The allure of Thailand’s markets and elephant parks is irresistible to tourists, but if you want to learn about the heart of this Asian nation you’ll need to travel to its temples, known as wats.

These are hundreds of wats around the popular tourist town of Chiang Mai, and as their Buddhist residents want for little they’re often free to visit.

It may seem strange to visit a temple in ruins, but Wat Chedi Luang’s rich history makes it worth a look. King Saen Muang Ma built the wat in 1391 to hold his father’s ashes. His successors expanded the building, which eventually housed the holy Emerald Buddha. Earthquakes and Burmese invasion destroyed the wat, but it is still an active place of worship. It’s inspiring to see the monks in their saffron robes continuing on despite Wat Chedi Luang’s decay.
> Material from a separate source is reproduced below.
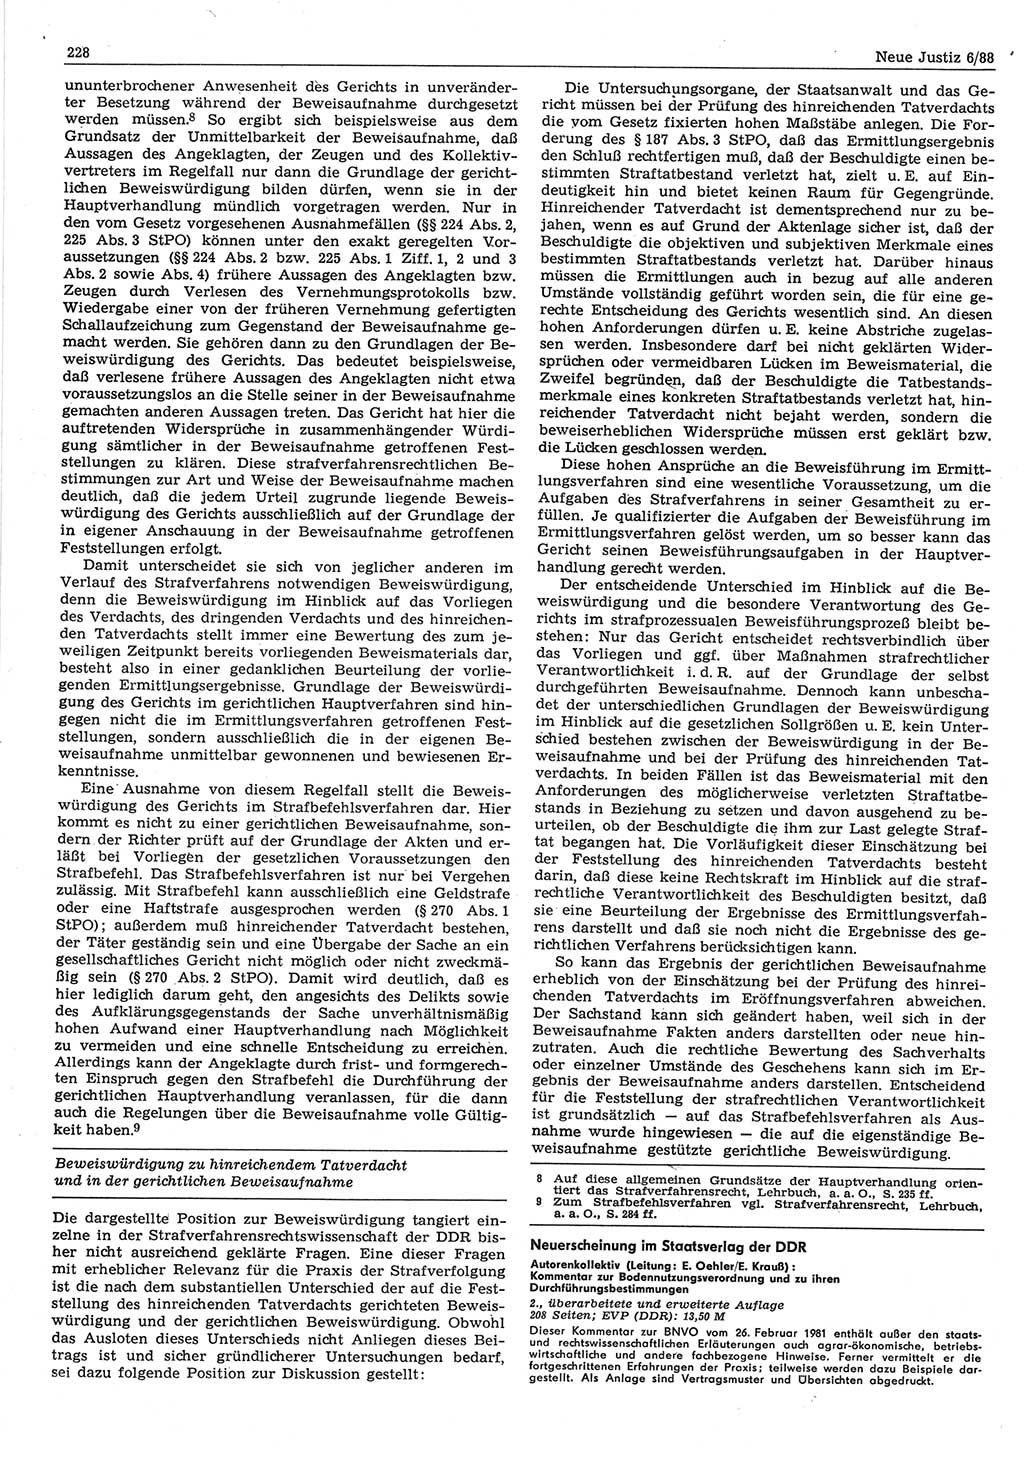 Neue Justiz (NJ), Zeitschrift für sozialistisches Recht und Gesetzlichkeit [Deutsche Demokratische Republik (DDR)], 42. Jahrgang 1988, Seite 228 (NJ DDR 1988, S. 228)

Some parts have been reconstructed, but the historic ruins are arguably more beautiful.

Right next door you’ll find the smaller Wat Pan Tao. It has a subtler charm than the rest of Thailand’s temples, but its wooden structure makes it unique. Lay people are invited to pray in the wooden wiharn, a relatively recent addition moved to temple grounds in 1875. Look for the gorgeous wooding carvings of peacocks and mythical creatures over the main doorway, and the flags and artifacts displayed inside.

Wat Chiang Man

Wat Chiang Man

Nestled in the Doi Suthep Mountain to the west of Chiang Mai you’ll find the wat which shares the summit’s name. It’s worth climbing the hundreds of steps to Wat Doi Suthep to see the multiple images of Buddha and feel the energy of the faithful followers. However if you’re feeling particularly lazy you can always catch the cable car!

If you only see one temple in Chiang Mai, make sure it’s Wat Chiang Man. It was built in 1292, making it the oldest in the district. Its Lanna-style architecture has held up remarkably well over the years. The carved elephants which surround the main building and the ornate red roofs on the newer structures are particularly impressive.

Remember though that wats are not simply tourist attractions; they are there to serve the local Buddhist community. You should respect local custom by wearing modest clothes and being quiet and reverential while on wat grounds.